I also see that the current consensus estimate for EPS in 2026 is 1.37. If SIS trades at a similar P/E in Dec 2026, as it is now, 25.31, then that would give a potential share price of $34.67, approximately 56% above the current price. I see that target prices are $26-$30. Even at $30, that would make the P/E in Dec 2026 about 21; below where it is now. So, is SIS over valued now or are the estimates too low and this should be kept or bought?
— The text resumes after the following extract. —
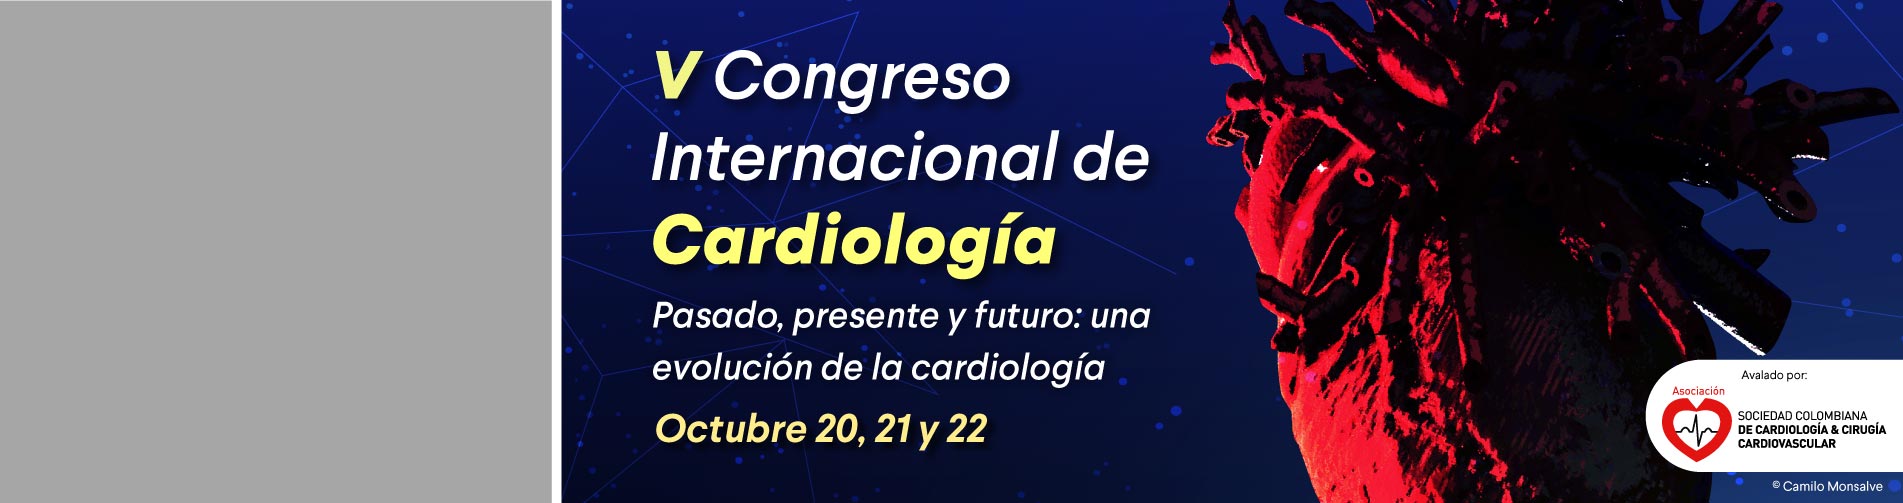 banner Congreso Internacional de Cardiología

The high and low P/E shown in the data are very far apart so not really applicable.

An interesting note to add is that I asked Google AI for the P/E in the last 5 years and it shows the following for Dec of each of the years shown:
2020-27.4
2021-102.7 Covid outlier I guess
2022-25.5
2023-26.2
2024-29.1
2025-25.4

Sorry for the length here but don't know how else to explain my predicament...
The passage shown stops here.